▶ _Data for the task_
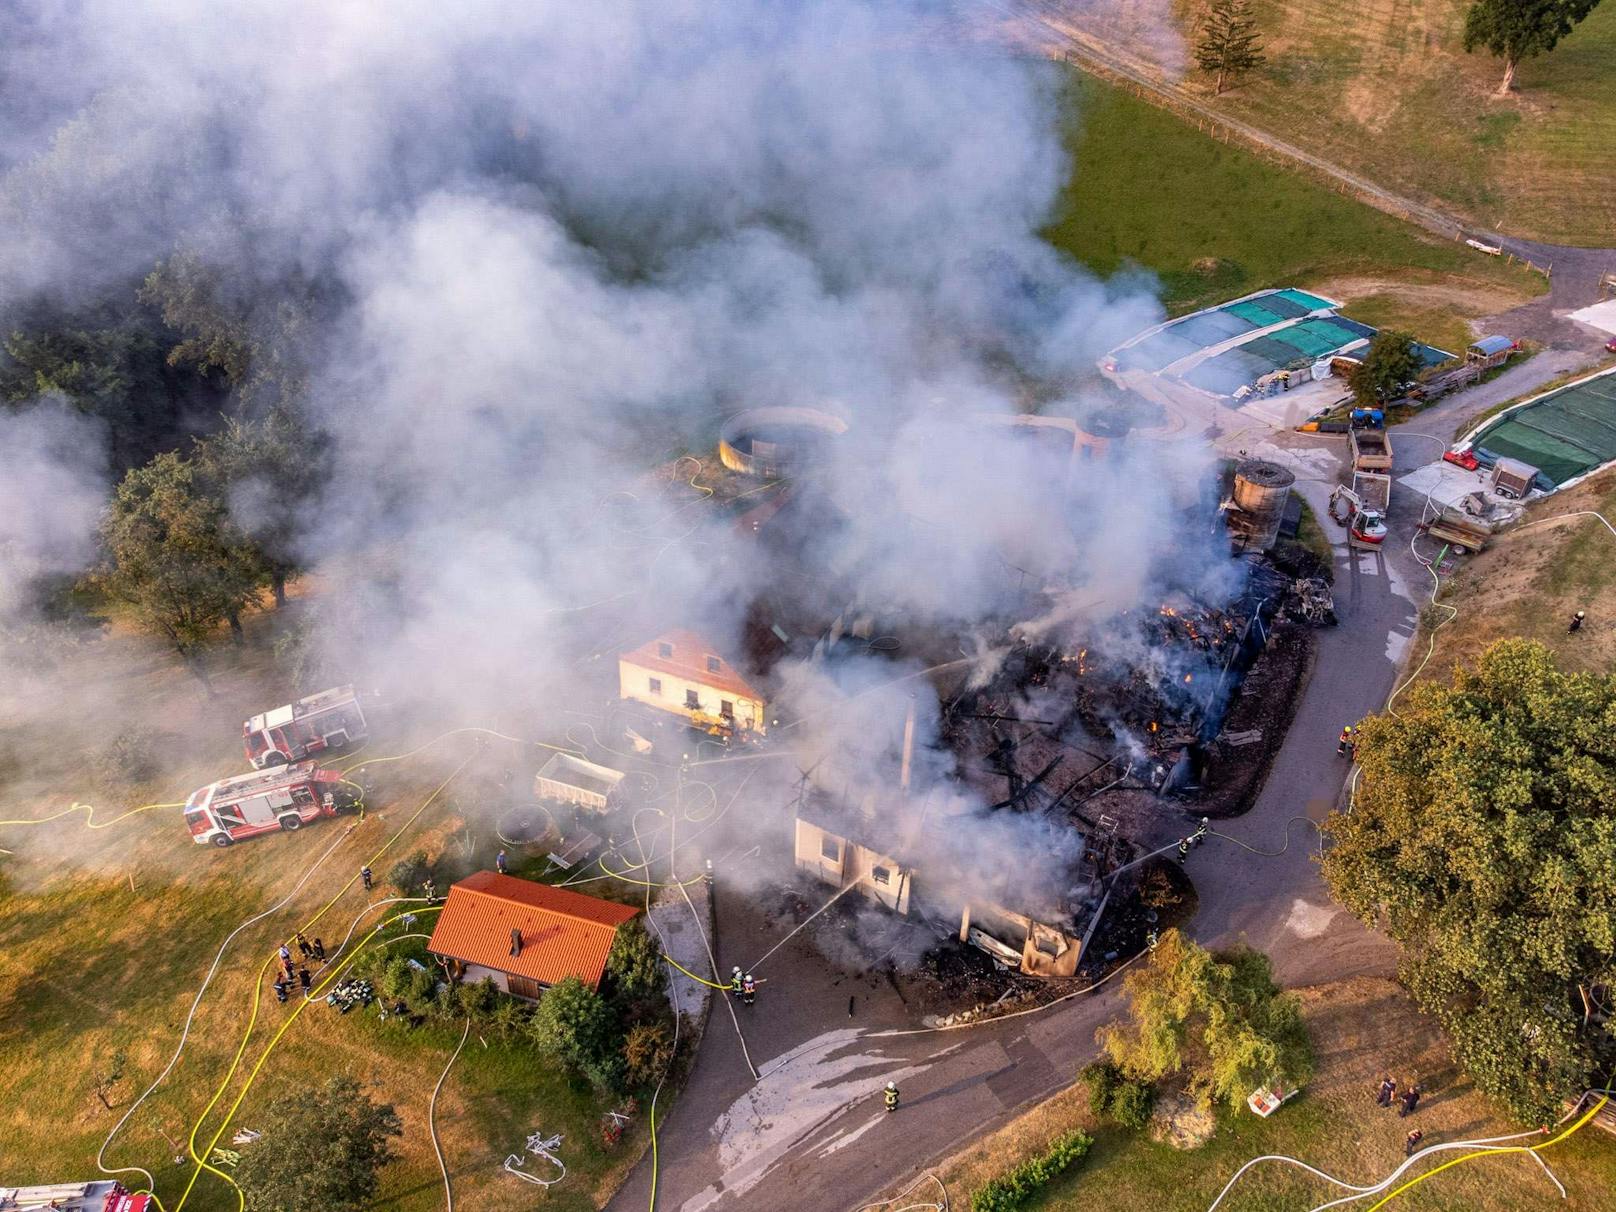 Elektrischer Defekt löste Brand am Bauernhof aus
==
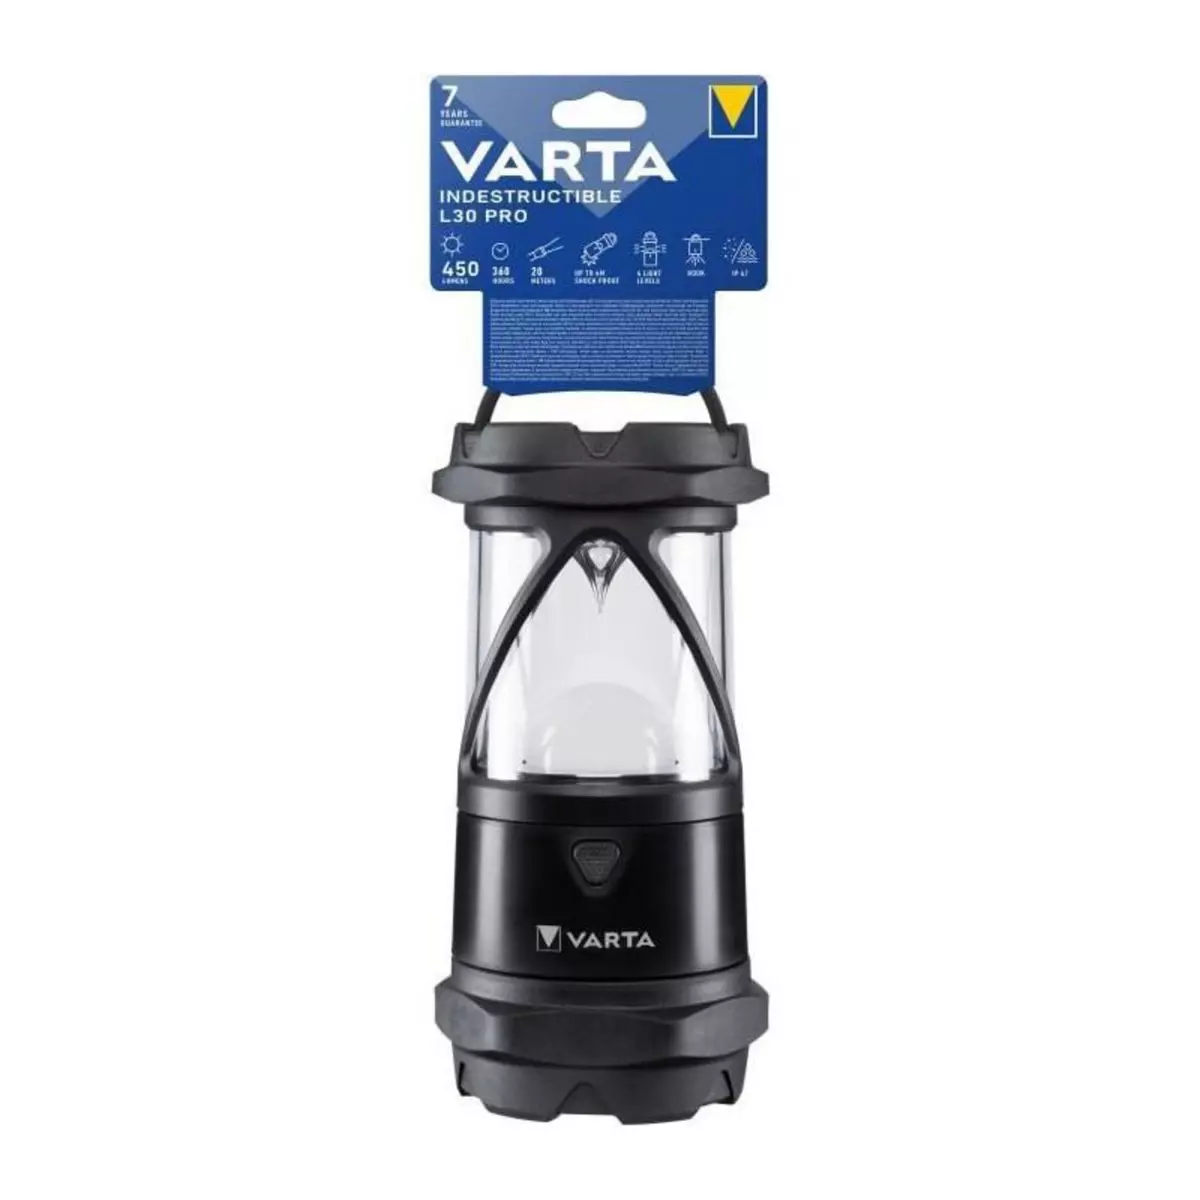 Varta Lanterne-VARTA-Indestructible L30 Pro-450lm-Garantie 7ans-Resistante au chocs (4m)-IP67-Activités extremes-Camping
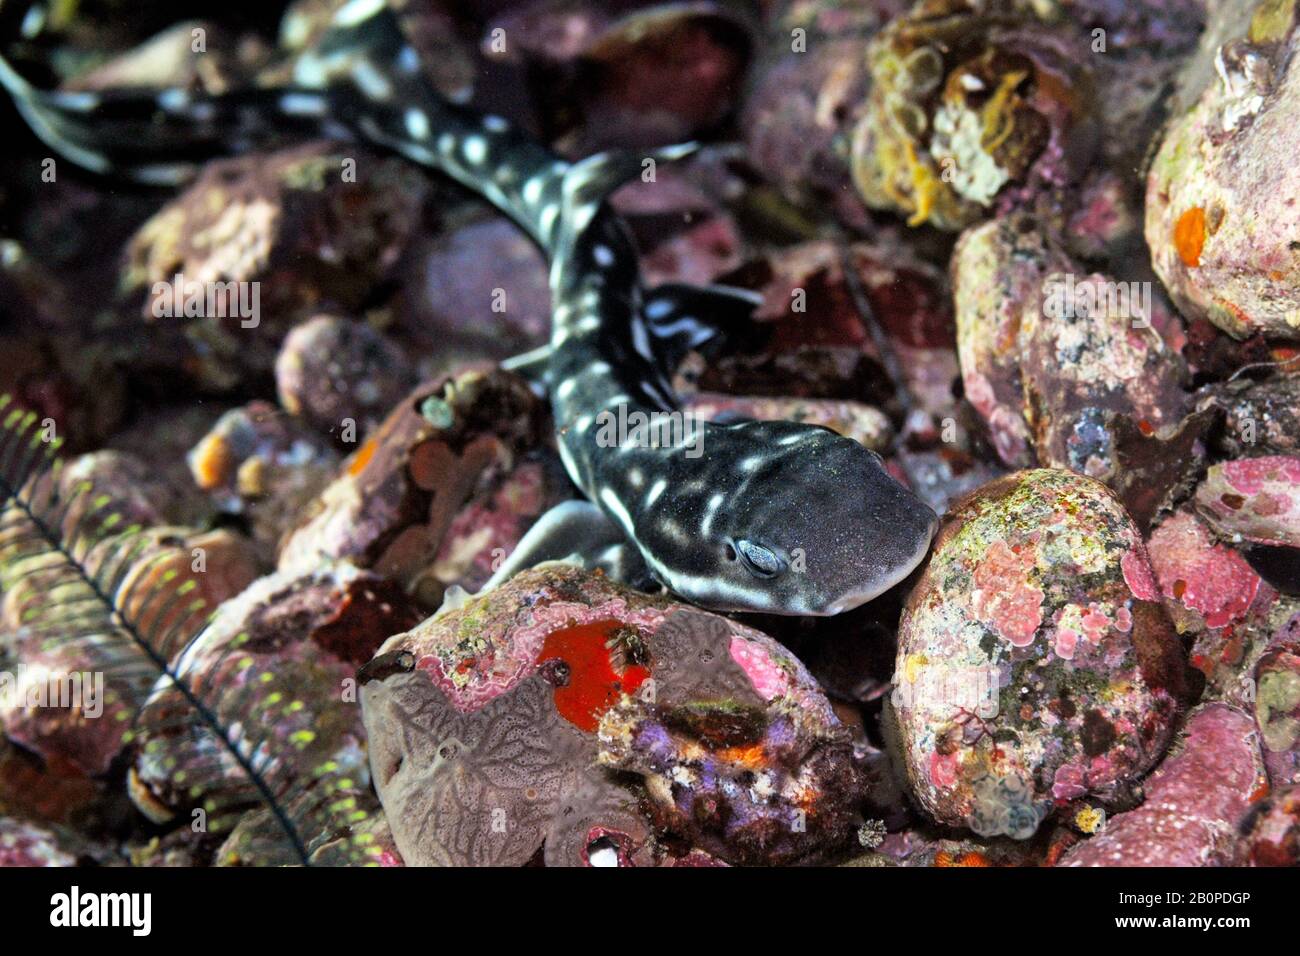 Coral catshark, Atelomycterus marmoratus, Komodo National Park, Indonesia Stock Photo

▶ _What you need to do_
Word for word, repeat the lines above from the one with "Varta Lanterne-VARTA-Indestructible L30" through the one with "Coral catshark, Atelomycterus", and nothing beyond them. Omit the pictures.

▶ _Task solution_
 Varta Lanterne-VARTA-Indestructible L30 Pro-450lm-Garantie 7ans-Resistante au chocs (4m)-IP67-Activités extremes-Camping
 Coral catshark, Atelomycterus marmoratus, Komodo National Park, Indonesia Stock Photo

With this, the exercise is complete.